Return, exactly and in full, the lines of the records below starting at the one with "Superwide-Leg Jeans in" and ending at the one with "3-Piece Kettlebell Set", and no other lines.
──────── THE INPUT ────────
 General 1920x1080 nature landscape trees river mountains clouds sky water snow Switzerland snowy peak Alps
────────
──────── THE INPUT ────────
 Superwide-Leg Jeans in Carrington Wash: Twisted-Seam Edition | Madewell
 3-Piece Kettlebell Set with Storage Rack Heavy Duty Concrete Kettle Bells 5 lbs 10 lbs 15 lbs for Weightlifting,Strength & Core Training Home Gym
────────
──────── THE INPUT ────────
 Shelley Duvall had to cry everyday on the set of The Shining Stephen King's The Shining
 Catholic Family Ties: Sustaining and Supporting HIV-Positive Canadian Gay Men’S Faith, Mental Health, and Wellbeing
────────
[COMPLETED TASK]
 Superwide-Leg Jeans in Carrington Wash: Twisted-Seam Edition | Madewell
 3-Piece Kettlebell Set with Storage Rack Heavy Duty Concrete Kettle Bells 5 lbs 10 lbs 15 lbs for Weightlifting,Strength & Core Training Home Gym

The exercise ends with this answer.